ALG offers several different types of grants and levels of funding. Check out the current grant call for proposals for all of the details. In short, you can work on your own, with a partner, or with your entire department on creating or adopting already existing Open Educational Resources (OER) for your course. 

An ALG Grant Story

Creating or adopting OER has many benefits including increasing your academic freedom and collaboration opportunities while decreasing course costs and increasing access for traditionally underserved students. For instance, let’s say that you’re a physics professor and you just aren’t happy with the coverage or format of your required text. In addition, many of your students simply can’t afford the $250 price tag. Rather than begrudgingly trudging forward with your text you might, instead, work with a librarian, instructional designer, or fellow physics professor and apply for an ALG grant to adopt a free, peer-reviewed, accessible OpenStax textbook.You’ll probably find that this text still isn’t all that you’ve ever dreamed of – and that’s ok!

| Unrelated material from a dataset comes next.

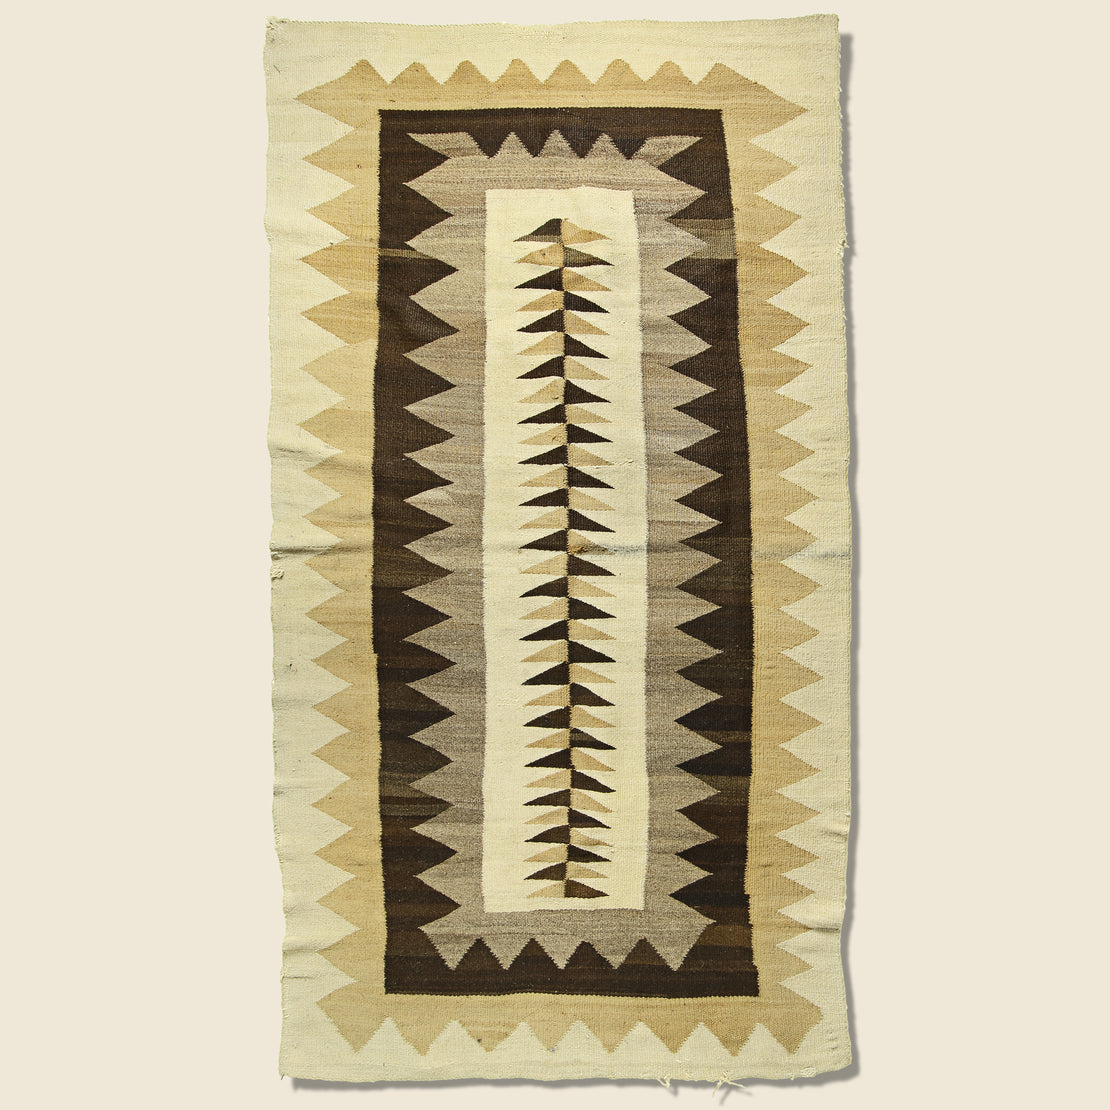 Vintage Zig-Zag Hand-Woven Navajo Wool Rug - Natural Brown

You could supplement it with articles or videos from high quality, open access journals and websites. You could, additionally, create some materials of your own to go along with the text and supplements. Or, you could even have students create high quality resources as assessment pieces that you could then incorporate into your next course. The possibilities here are endless when you don’t have to worry about copyright.

ALG grants aren’t just about curating OER content – instead, the process involves the creation of an OER course. In other words, you will be sharing your holistic creation with other faculty at the end of the grant period to adopt and remix as they see fit in their own courses. Look at you, all rebellious and everything, helping to make academic work more communal and creative!